The accuracy of self-monitoring of blood glucose (SMBG) is critical for successful basal-bolus therapy. Frequent SMBG, careful carbohydrate counting, and appropriate dosage adjustments based on these variables limit the duration and magnitude of glycemic exposure and decrease the risk of hypoglycemia. The United States Food and Drug Administration requires all meters to have an error rate of less than 20%, and the American Diabetes Association recommends an error rate of less than 10%. Most blood glucose meters are accurate when used according to the manufacturer's guidelines. User error is the primary cause of inaccurate SMBG. In this case, the patient's technique was not at fault. Because blood glucose meters can lose accuracy over time, comparing the meter blood glucose measurement with a laboratory measurement is the most efficacious way to assess a potential error.
 
The laboratory hemoglobin A1C measurement is rarely incorrect because most clinical laboratories calibrate machines on a daily basis. Occasionally, a blood sample might be mislabeled, which would lead to an erroneous measurement. In this patient, however, there is no indication that the A1C value is incorrect because it is consistent with both of the measurements obtained at the last visit.
 
Whereas the A1C value indicates the average blood glucose level over the previous 2 to 3 months, the fructosamine (also known as glycated albumin) level indicates the level of glycemic control over a shorter period of time (2 to 3 weeks).
 
Fructosamine levels may be more accurate than A1C levels in persons who have anemia or who have a hemoglobinopathy (such as sickle-cell disease). A fructosamine level would not be expected to yield any additional, clinically useful information in this case. Although alternate-site testing does offer a potentially less painful way to perform SMBG, it is only as accurate as the meter and the meter operator. Ongoing diabetes self-management training is an essential component of diabetes care and should include an assessment of SMBG technique. However, in this case, the patient's SMBG technique was deemed good, and she has successfully implemented her current basal-bolus regimen for 2 years.
 
Bibliography:
  1. Benjamin EM. Self-monitoring of blood glucose: the basics. Clinical Diabetes. 2002;20:45-7. 

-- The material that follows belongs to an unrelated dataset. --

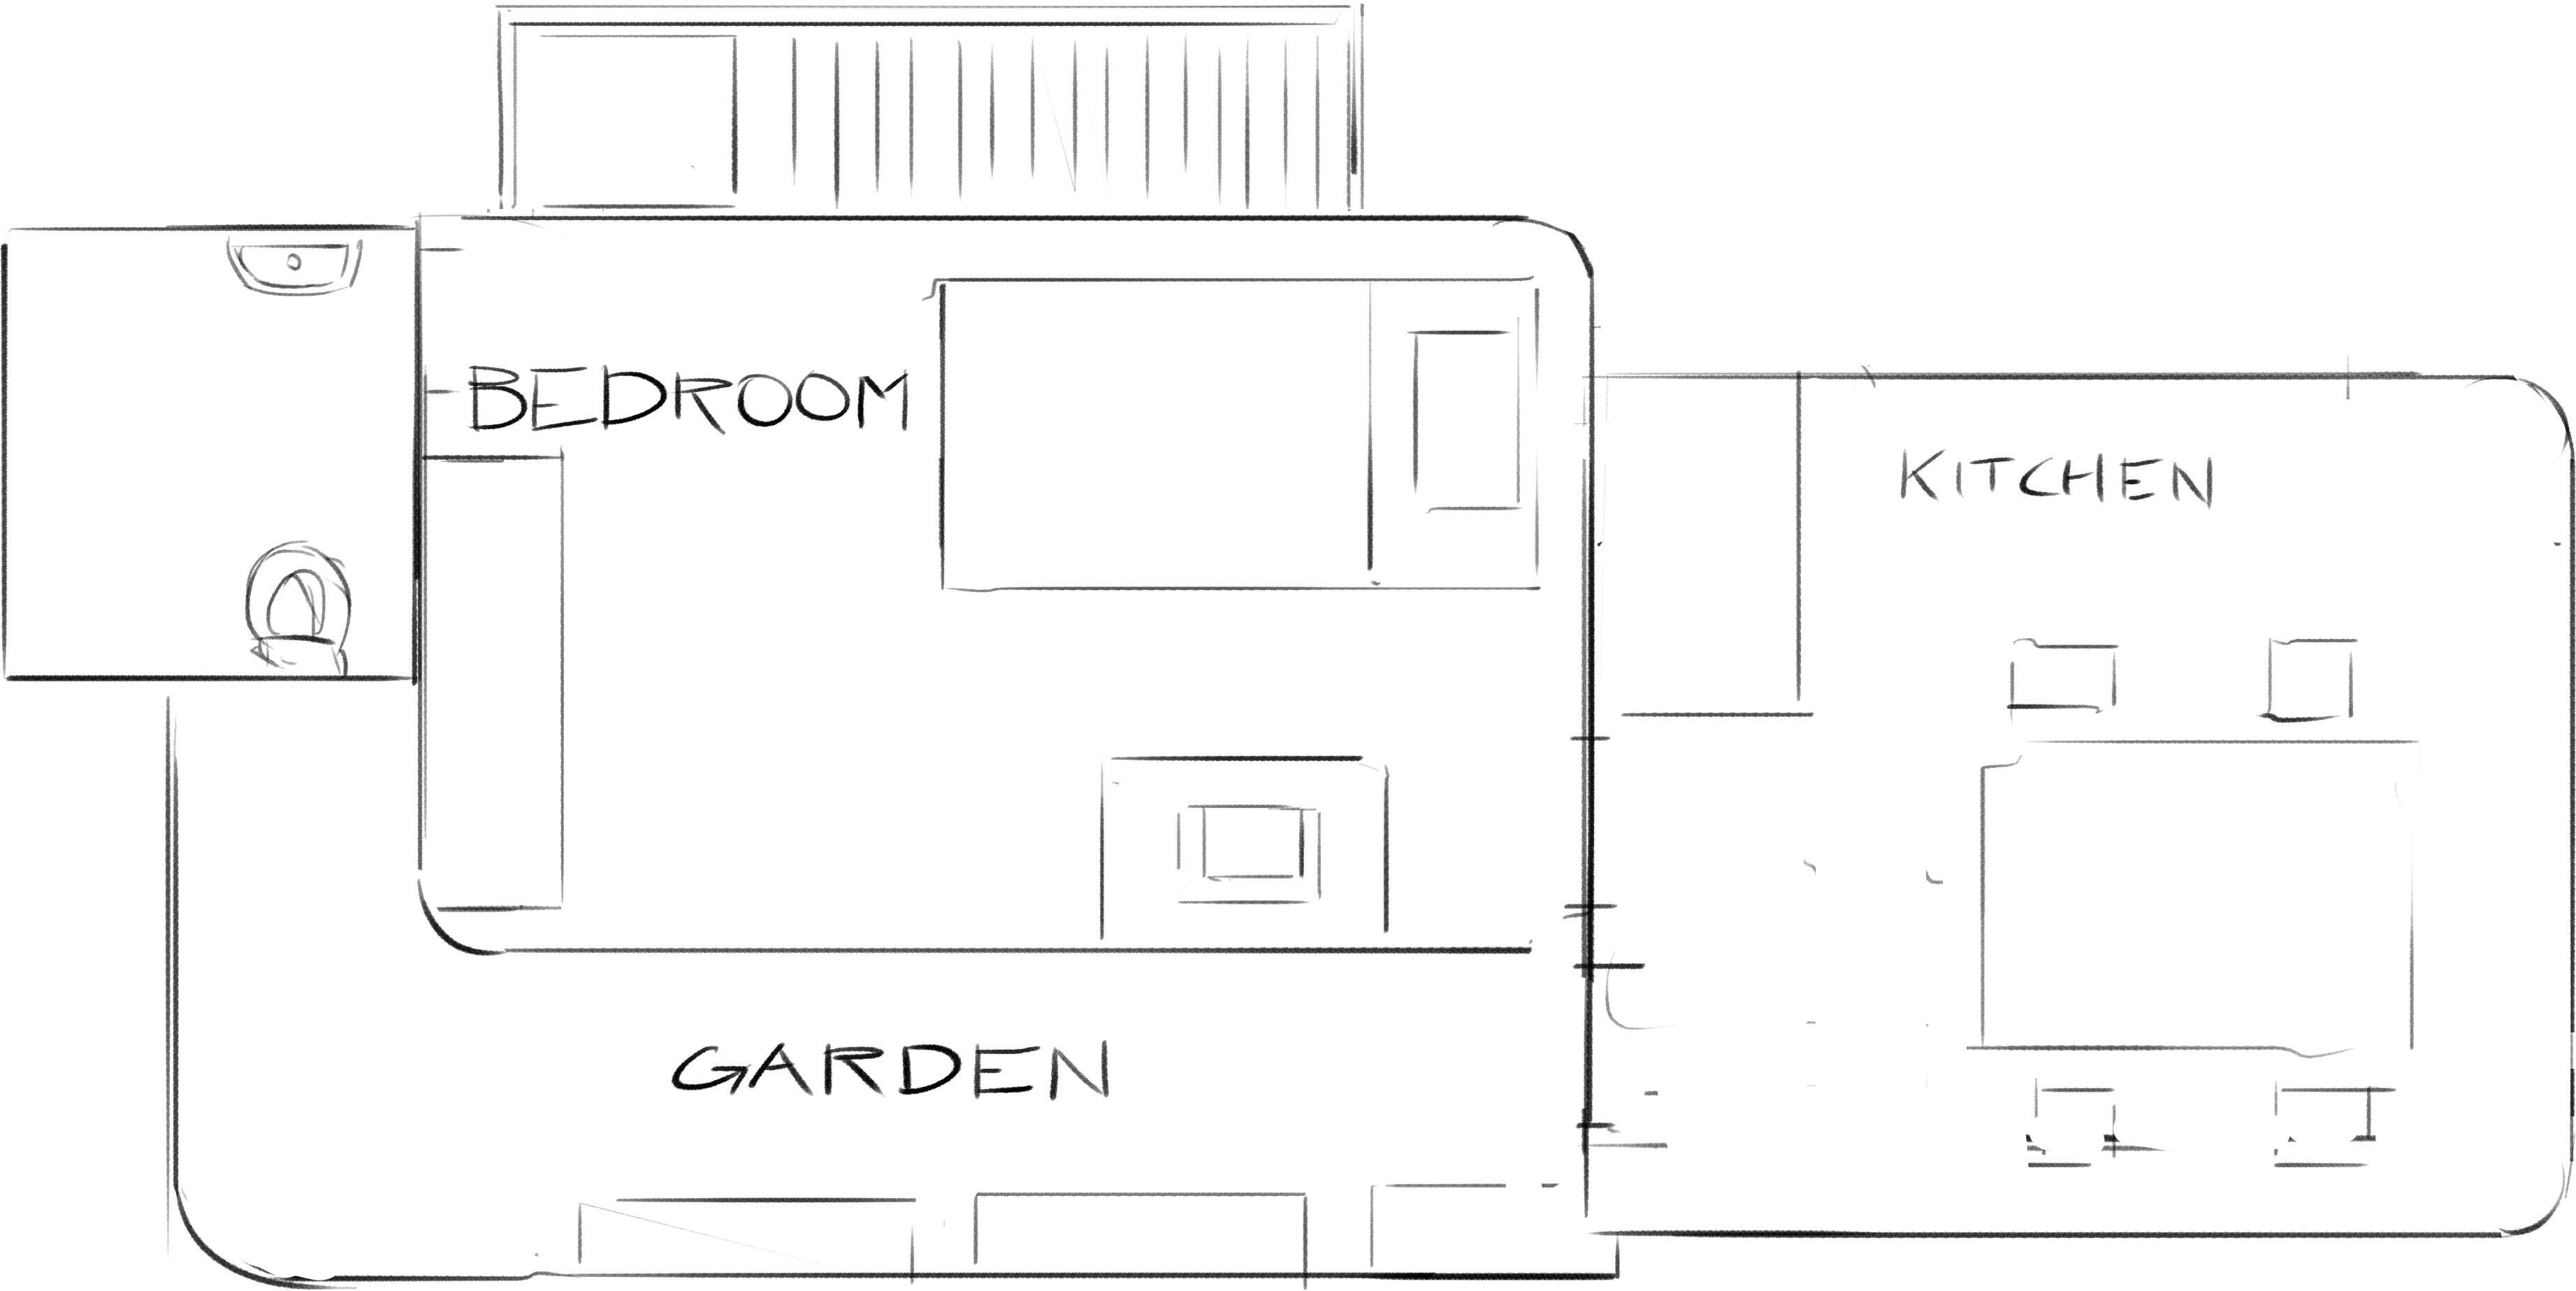 Upper level plan view

  2. Briggs AL, Cornell S. Self-monitoring blood glucose (SMBG): now and the future. Journal of Pharmacy Practice. 2004;17:29-38. 
  3. Pearson J, Bergenstal RM. Fine-tuning control: pattern management versus supplementation. Diabetes Spectr. 2001;14:75-8. 
  4. Renard E. Monitoring glycemic control: the importance of self-monitoring of blood glucose. Am J Med. 2005;118:12S-19S. [PMID: 16224938] [PubMed] 
Copyright © 2007 Diabetes In Control, Inc.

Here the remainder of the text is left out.